[Data records Boundary: Start]

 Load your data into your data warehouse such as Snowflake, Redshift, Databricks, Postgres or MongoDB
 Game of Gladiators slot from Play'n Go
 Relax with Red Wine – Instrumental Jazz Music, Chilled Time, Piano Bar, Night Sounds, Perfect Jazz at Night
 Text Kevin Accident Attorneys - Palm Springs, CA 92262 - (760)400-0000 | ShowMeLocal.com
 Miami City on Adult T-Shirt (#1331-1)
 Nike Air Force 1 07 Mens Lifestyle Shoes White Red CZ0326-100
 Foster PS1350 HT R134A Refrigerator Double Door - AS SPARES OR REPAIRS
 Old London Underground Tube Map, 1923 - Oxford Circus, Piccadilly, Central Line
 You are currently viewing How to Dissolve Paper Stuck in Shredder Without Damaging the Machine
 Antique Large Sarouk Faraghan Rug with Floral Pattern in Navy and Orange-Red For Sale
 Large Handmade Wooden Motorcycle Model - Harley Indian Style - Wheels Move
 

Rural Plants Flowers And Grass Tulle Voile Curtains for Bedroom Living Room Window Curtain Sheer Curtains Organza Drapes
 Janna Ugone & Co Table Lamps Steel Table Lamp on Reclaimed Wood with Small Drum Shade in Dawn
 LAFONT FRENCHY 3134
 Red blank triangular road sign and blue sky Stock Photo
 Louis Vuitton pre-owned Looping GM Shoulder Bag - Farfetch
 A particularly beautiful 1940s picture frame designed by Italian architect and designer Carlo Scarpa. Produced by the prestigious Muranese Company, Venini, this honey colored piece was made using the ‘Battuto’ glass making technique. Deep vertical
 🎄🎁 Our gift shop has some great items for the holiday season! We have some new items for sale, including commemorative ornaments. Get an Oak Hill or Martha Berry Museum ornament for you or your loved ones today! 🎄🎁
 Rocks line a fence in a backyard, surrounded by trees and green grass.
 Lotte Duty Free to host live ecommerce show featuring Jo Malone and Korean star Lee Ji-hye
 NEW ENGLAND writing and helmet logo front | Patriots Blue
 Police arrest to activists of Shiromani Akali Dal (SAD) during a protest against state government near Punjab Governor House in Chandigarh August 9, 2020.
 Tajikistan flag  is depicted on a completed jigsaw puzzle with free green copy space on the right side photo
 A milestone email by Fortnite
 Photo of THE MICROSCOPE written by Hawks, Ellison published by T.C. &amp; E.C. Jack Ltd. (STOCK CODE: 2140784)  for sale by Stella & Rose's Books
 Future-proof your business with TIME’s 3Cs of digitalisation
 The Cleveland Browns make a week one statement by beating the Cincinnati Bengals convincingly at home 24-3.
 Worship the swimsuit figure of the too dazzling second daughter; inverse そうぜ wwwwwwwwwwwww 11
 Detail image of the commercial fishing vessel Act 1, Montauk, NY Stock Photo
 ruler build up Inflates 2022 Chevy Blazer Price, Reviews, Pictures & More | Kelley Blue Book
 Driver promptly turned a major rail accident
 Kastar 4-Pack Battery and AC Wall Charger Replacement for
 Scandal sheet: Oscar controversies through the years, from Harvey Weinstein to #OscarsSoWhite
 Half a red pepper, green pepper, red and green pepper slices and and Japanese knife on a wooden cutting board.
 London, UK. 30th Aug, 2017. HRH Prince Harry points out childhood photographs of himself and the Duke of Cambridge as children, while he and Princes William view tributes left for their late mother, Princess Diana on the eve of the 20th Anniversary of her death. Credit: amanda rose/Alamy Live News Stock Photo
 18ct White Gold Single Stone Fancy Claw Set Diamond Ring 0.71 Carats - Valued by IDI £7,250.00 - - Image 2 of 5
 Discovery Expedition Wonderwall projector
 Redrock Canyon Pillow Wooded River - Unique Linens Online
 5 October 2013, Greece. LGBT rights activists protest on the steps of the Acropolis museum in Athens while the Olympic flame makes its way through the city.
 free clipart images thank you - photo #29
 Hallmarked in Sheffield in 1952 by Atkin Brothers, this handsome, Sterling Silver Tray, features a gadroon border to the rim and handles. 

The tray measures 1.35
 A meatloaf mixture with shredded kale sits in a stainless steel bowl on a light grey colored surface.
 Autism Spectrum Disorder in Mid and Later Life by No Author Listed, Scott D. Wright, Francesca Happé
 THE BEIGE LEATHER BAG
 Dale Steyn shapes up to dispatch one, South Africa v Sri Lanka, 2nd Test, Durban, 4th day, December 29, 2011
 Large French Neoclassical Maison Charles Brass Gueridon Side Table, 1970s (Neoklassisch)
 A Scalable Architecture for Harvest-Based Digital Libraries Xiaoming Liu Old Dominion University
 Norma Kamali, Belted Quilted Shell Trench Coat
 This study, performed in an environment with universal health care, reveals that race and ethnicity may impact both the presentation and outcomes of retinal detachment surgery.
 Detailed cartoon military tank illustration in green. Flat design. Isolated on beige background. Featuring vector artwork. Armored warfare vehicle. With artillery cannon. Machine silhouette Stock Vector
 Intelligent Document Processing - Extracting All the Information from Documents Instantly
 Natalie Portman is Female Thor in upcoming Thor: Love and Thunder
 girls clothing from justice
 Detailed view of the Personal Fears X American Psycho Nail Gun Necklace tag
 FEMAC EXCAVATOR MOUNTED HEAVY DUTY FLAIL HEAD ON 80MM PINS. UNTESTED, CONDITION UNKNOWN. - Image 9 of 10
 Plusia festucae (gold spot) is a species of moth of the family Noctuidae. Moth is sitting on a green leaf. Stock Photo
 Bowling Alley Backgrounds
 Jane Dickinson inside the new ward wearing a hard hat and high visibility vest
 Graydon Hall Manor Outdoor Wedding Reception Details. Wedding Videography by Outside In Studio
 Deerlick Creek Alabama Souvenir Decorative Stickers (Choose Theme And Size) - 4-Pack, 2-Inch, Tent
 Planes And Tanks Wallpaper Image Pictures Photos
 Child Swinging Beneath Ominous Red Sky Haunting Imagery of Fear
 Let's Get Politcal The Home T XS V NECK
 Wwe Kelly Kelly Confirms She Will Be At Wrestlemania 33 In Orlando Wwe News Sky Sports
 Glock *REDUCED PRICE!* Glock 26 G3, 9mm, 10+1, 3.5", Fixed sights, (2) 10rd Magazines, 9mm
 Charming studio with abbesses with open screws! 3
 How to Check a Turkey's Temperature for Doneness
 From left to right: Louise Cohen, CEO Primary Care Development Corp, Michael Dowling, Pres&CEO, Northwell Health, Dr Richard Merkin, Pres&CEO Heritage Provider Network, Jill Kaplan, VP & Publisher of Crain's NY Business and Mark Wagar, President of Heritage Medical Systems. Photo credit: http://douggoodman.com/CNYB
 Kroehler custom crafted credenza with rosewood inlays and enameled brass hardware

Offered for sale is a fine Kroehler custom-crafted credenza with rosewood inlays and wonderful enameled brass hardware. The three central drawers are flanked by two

[Data records Boundary: End]

> [Task description]: In your response, reproduce the records exactly, every one.

> [Solution to the problem]:
 Load your data into your data warehouse such as Snowflake, Redshift, Databricks, Postgres or MongoDB
 Game of Gladiators slot from Play'n Go
 Relax with Red Wine – Instrumental Jazz Music, Chilled Time, Piano Bar, Night Sounds, Perfect Jazz at Night
 Text Kevin Accident Attorneys - Palm Springs, CA 92262 - (760)400-0000 | ShowMeLocal.com
 Miami City on Adult T-Shirt (#1331-1)
 Nike Air Force 1 07 Mens Lifestyle Shoes White Red CZ0326-100
 Foster PS1350 HT R134A Refrigerator Double Door - AS SPARES OR REPAIRS
 Old London Underground Tube Map, 1923 - Oxford Circus, Piccadilly, Central Line
 You are currently viewing How to Dissolve Paper Stuck in Shredder Without Damaging the Machine
 Antique Large Sarouk Faraghan Rug with Floral Pattern in Navy and Orange-Red For Sale
 Large Handmade Wooden Motorcycle Model - Harley Indian Style - Wheels Move
 

Rural Plants Flowers And Grass Tulle Voile Curtains for Bedroom Living Room Window Curtain Sheer Curtains Organza Drapes
 Janna Ugone & Co Table Lamps Steel Table Lamp on Reclaimed Wood with Small Drum Shade in Dawn
 LAFONT FRENCHY 3134
 Red blank triangular road sign and blue sky Stock Photo
 Louis Vuitton pre-owned Looping GM Shoulder Bag - Farfetch
 A particularly beautiful 1940s picture frame designed by Italian architect and designer Carlo Scarpa. Produced by the prestigious Muranese Company, Venini, this honey colored piece was made using the ‘Battuto’ glass making technique. Deep vertical
 🎄🎁 Our gift shop has some great items for the holiday season! We have some new items for sale, including commemorative ornaments. Get an Oak Hill or Martha Berry Museum ornament for you or your loved ones today! 🎄🎁
 Rocks line a fence in a backyard, surrounded by trees and green grass.
 Lotte Duty Free to host live ecommerce show featuring Jo Malone and Korean star Lee Ji-hye
 NEW ENGLAND writing and helmet logo front | Patriots Blue
 Police arrest to activists of Shiromani Akali Dal (SAD) during a protest against state government near Punjab Governor House in Chandigarh August 9, 2020.
 Tajikistan flag  is depicted on a completed jigsaw puzzle with free green copy space on the right side photo
 A milestone email by Fortnite
 Photo of THE MICROSCOPE written by Hawks, Ellison published by T.C. &amp; E.C. Jack Ltd. (STOCK CODE: 2140784)  for sale by Stella & Rose's Books
 Future-proof your business with TIME’s 3Cs of digitalisation
 The Cleveland Browns make a week one statement by beating the Cincinnati Bengals convincingly at home 24-3.
 Worship the swimsuit figure of the too dazzling second daughter; inverse そうぜ wwwwwwwwwwwww 11
 Detail image of the commercial fishing vessel Act 1, Montauk, NY Stock Photo
 ruler build up Inflates 2022 Chevy Blazer Price, Reviews, Pictures & More | Kelley Blue Book
 Driver promptly turned a major rail accident
 Kastar 4-Pack Battery and AC Wall Charger Replacement for
 Scandal sheet: Oscar controversies through the years, from Harvey Weinstein to #OscarsSoWhite
 Half a red pepper, green pepper, red and green pepper slices and and Japanese knife on a wooden cutting board.
 London, UK. 30th Aug, 2017. HRH Prince Harry points out childhood photographs of himself and the Duke of Cambridge as children, while he and Princes William view tributes left for their late mother, Princess Diana on the eve of the 20th Anniversary of her death. Credit: amanda rose/Alamy Live News Stock Photo
 18ct White Gold Single Stone Fancy Claw Set Diamond Ring 0.71 Carats - Valued by IDI £7,250.00 - - Image 2 of 5
 Discovery Expedition Wonderwall projector
 Redrock Canyon Pillow Wooded River - Unique Linens Online
 5 October 2013, Greece. LGBT rights activists protest on the steps of the Acropolis museum in Athens while the Olympic flame makes its way through the city.
 free clipart images thank you - photo #29
 Hallmarked in Sheffield in 1952 by Atkin Brothers, this handsome, Sterling Silver Tray, features a gadroon border to the rim and handles. 

The tray measures 1.35
 A meatloaf mixture with shredded kale sits in a stainless steel bowl on a light grey colored surface.
 Autism Spectrum Disorder in Mid and Later Life by No Author Listed, Scott D. Wright, Francesca Happé
 THE BEIGE LEATHER BAG
 Dale Steyn shapes up to dispatch one, South Africa v Sri Lanka, 2nd Test, Durban, 4th day, December 29, 2011
 Large French Neoclassical Maison Charles Brass Gueridon Side Table, 1970s (Neoklassisch)
 A Scalable Architecture for Harvest-Based Digital Libraries Xiaoming Liu Old Dominion University
 Norma Kamali, Belted Quilted Shell Trench Coat
 This study, performed in an environment with universal health care, reveals that race and ethnicity may impact both the presentation and outcomes of retinal detachment surgery.
 Detailed cartoon military tank illustration in green. Flat design. Isolated on beige background. Featuring vector artwork. Armored warfare vehicle. With artillery cannon. Machine silhouette Stock Vector
 Intelligent Document Processing - Extracting All the Information from Documents Instantly
 Natalie Portman is Female Thor in upcoming Thor: Love and Thunder
 girls clothing from justice
 Detailed view of the Personal Fears X American Psycho Nail Gun Necklace tag
 FEMAC EXCAVATOR MOUNTED HEAVY DUTY FLAIL HEAD ON 80MM PINS. UNTESTED, CONDITION UNKNOWN. - Image 9 of 10
 Plusia festucae (gold spot) is a species of moth of the family Noctuidae. Moth is sitting on a green leaf. Stock Photo
 Bowling Alley Backgrounds
 Jane Dickinson inside the new ward wearing a hard hat and high visibility vest
 Graydon Hall Manor Outdoor Wedding Reception Details. Wedding Videography by Outside In Studio
 Deerlick Creek Alabama Souvenir Decorative Stickers (Choose Theme And Size) - 4-Pack, 2-Inch, Tent
 Planes And Tanks Wallpaper Image Pictures Photos
 Child Swinging Beneath Ominous Red Sky Haunting Imagery of Fear
 Let's Get Politcal The Home T XS V NECK
 Wwe Kelly Kelly Confirms She Will Be At Wrestlemania 33 In Orlando Wwe News Sky Sports
 Glock *REDUCED PRICE!* Glock 26 G3, 9mm, 10+1, 3.5", Fixed sights, (2) 10rd Magazines, 9mm
 Charming studio with abbesses with open screws! 3
 How to Check a Turkey's Temperature for Doneness
 From left to right: Louise Cohen, CEO Primary Care Development Corp, Michael Dowling, Pres&CEO, Northwell Health, Dr Richard Merkin, Pres&CEO Heritage Provider Network, Jill Kaplan, VP & Publisher of Crain's NY Business and Mark Wagar, President of Heritage Medical Systems. Photo credit: http://douggoodman.com/CNYB
 Kroehler custom crafted credenza with rosewood inlays and enameled brass hardware

Offered for sale is a fine Kroehler custom-crafted credenza with rosewood inlays and wonderful enameled brass hardware. The three central drawers are flanked by two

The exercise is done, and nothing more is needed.